Set down a true copy of the data, with all pictures left out.

### COLLECTED MATERIAL
___
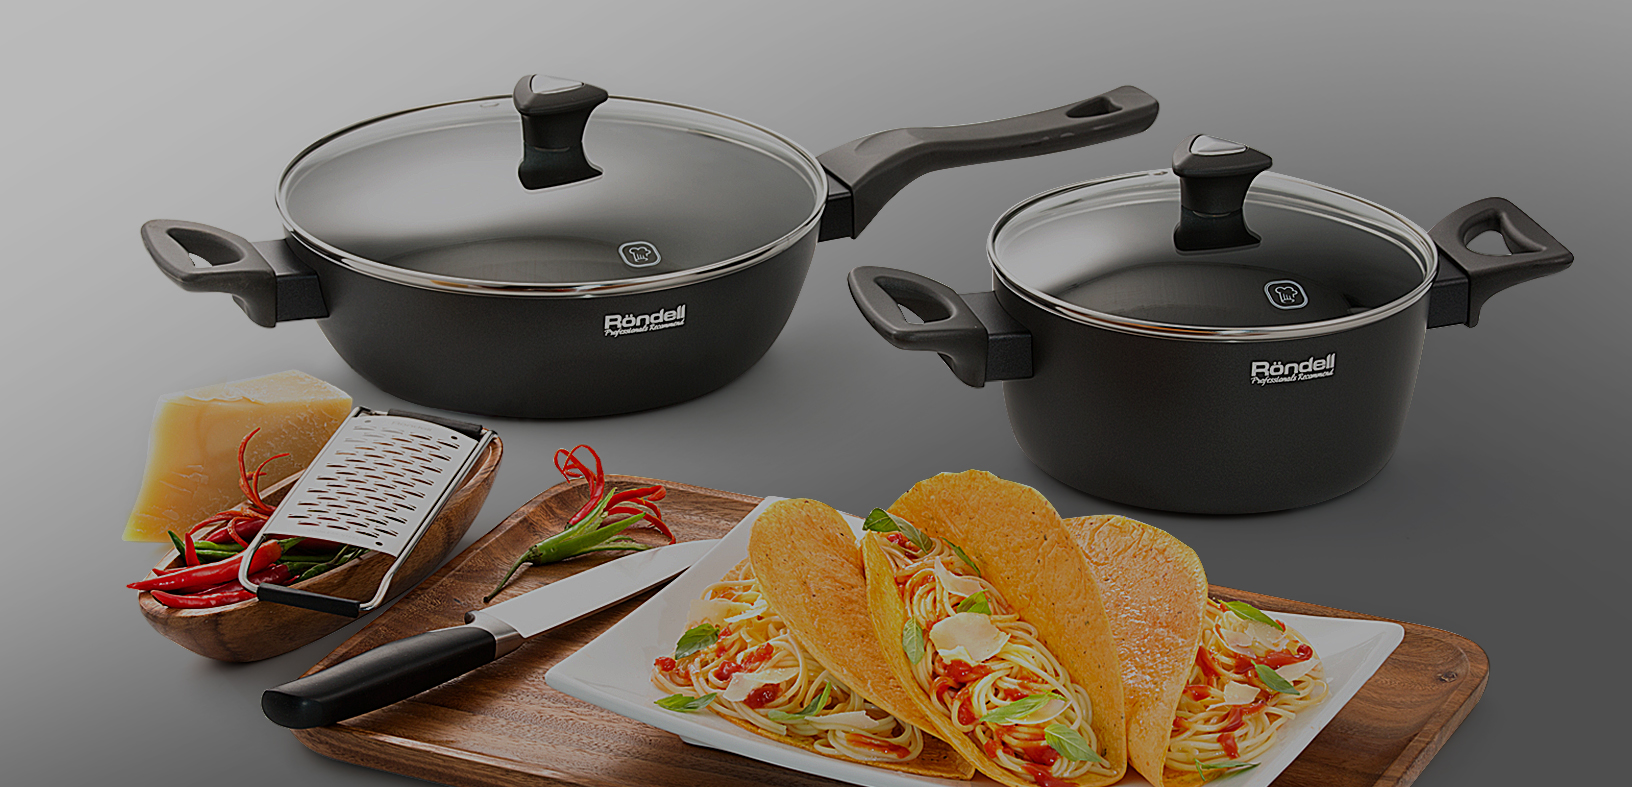 Cookware and accessories
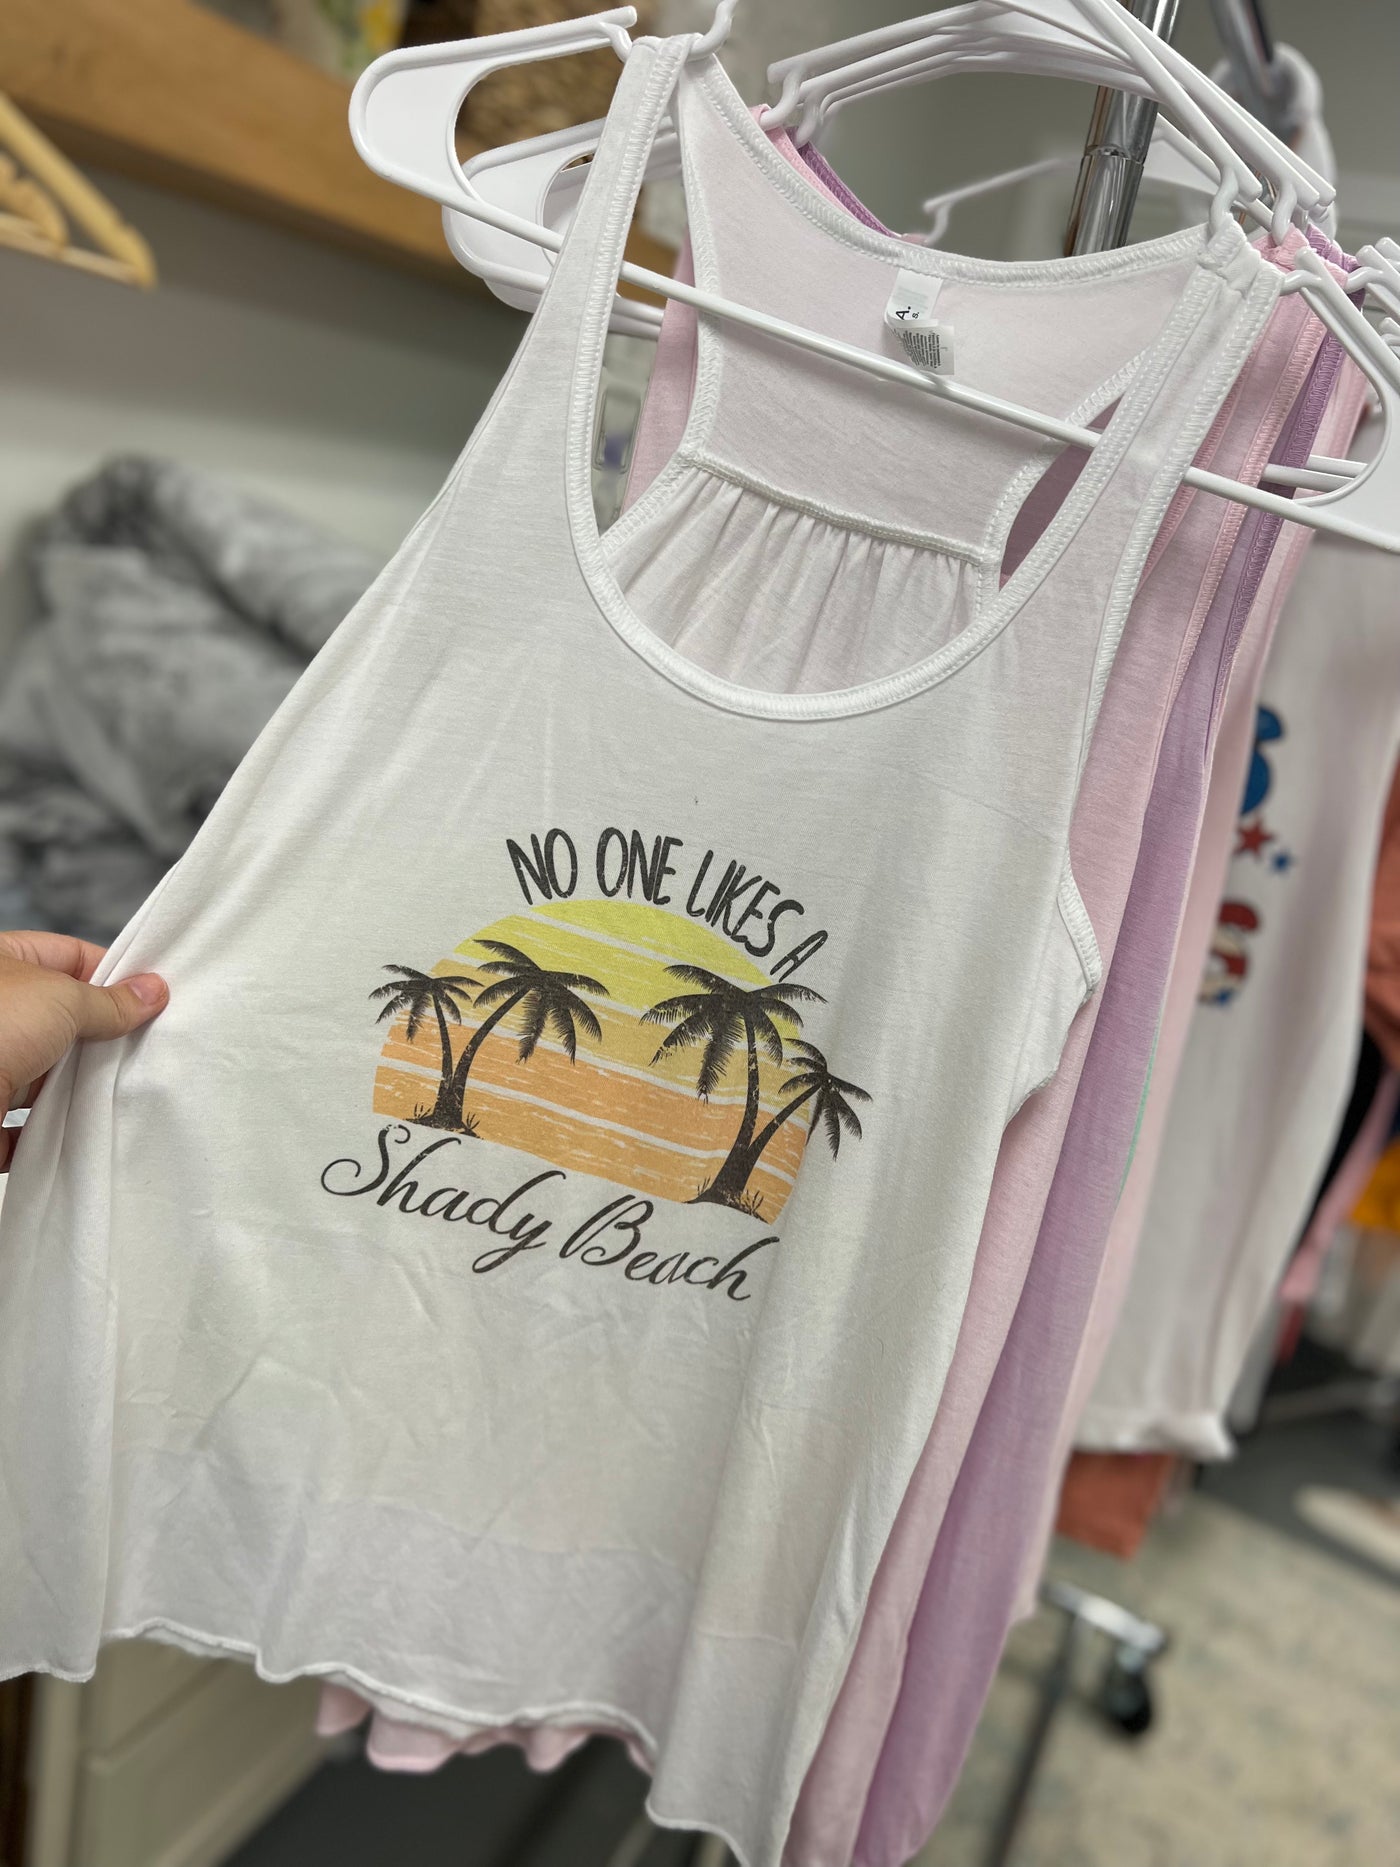 CLEARANCE: Size Large "No One Likes a Shady Beach" Bella Canvas Tank
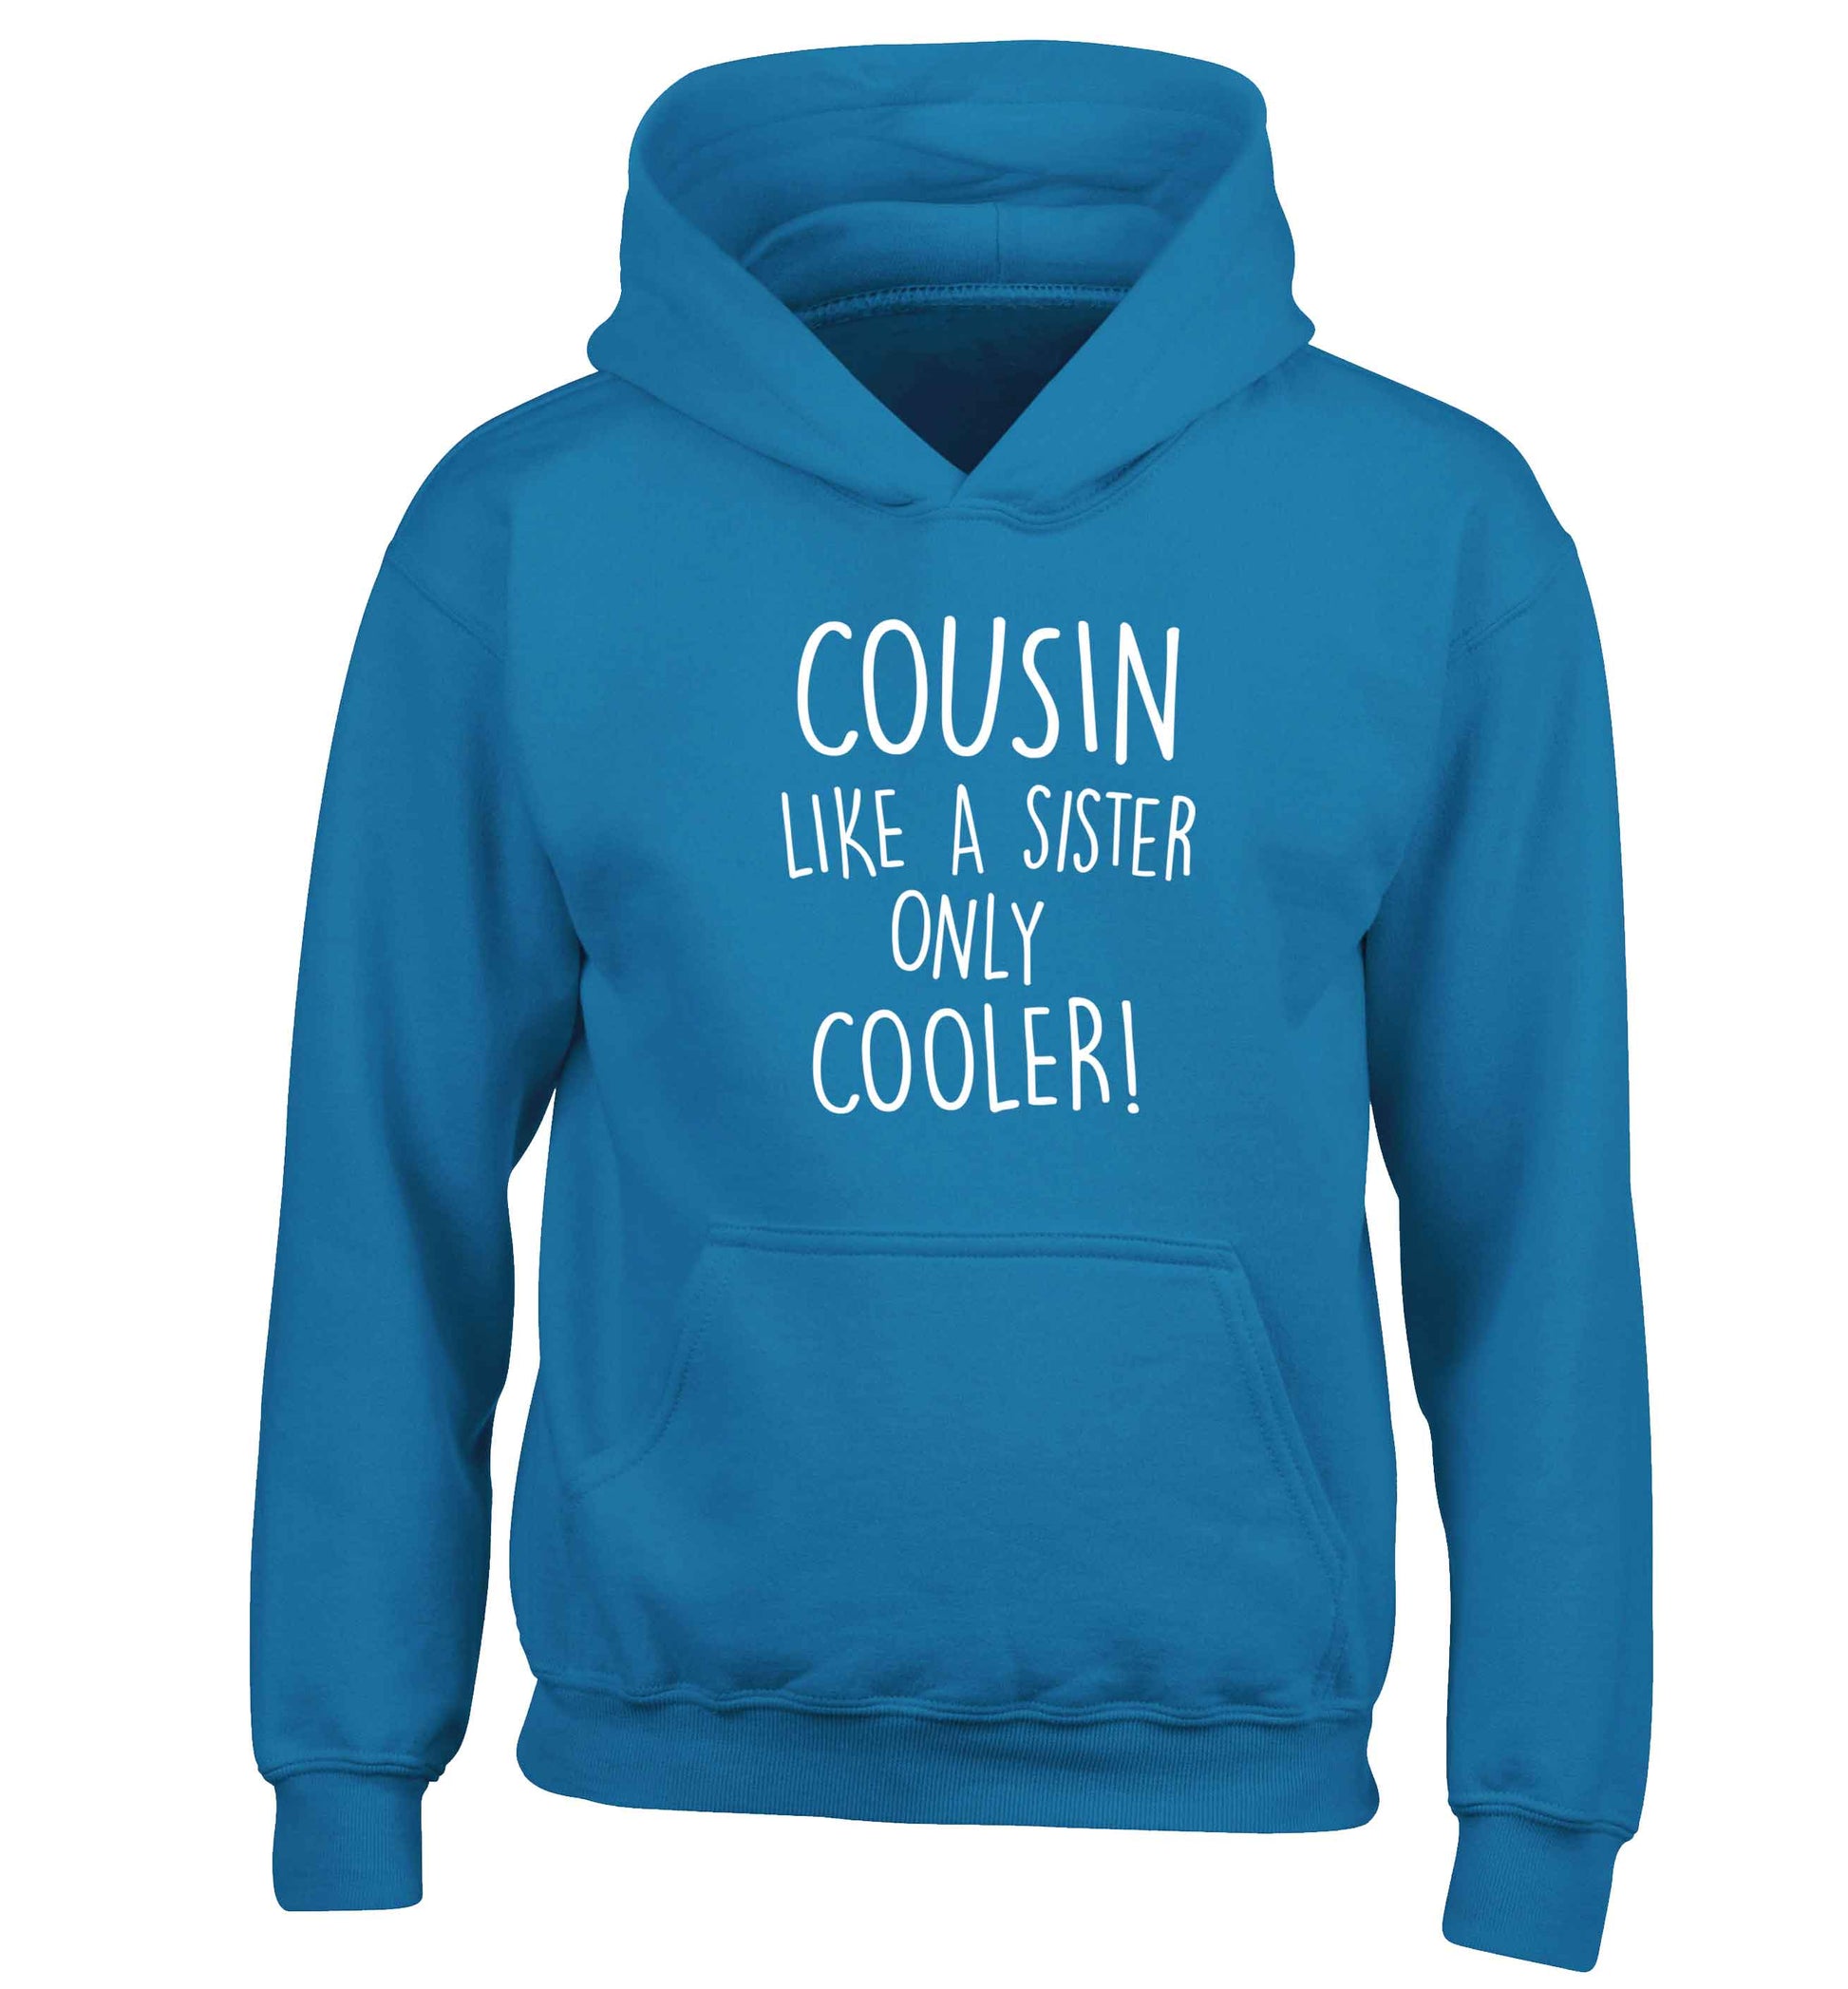 Cousin like a sister only cooler children's blue hoodie 12-13 Years
___
### EXERCISE RESULT
 Cookware and accessories
 CLEARANCE: Size Large "No One Likes a Shady Beach" Bella Canvas Tank
 Cousin like a sister only cooler children's blue hoodie 12-13 Years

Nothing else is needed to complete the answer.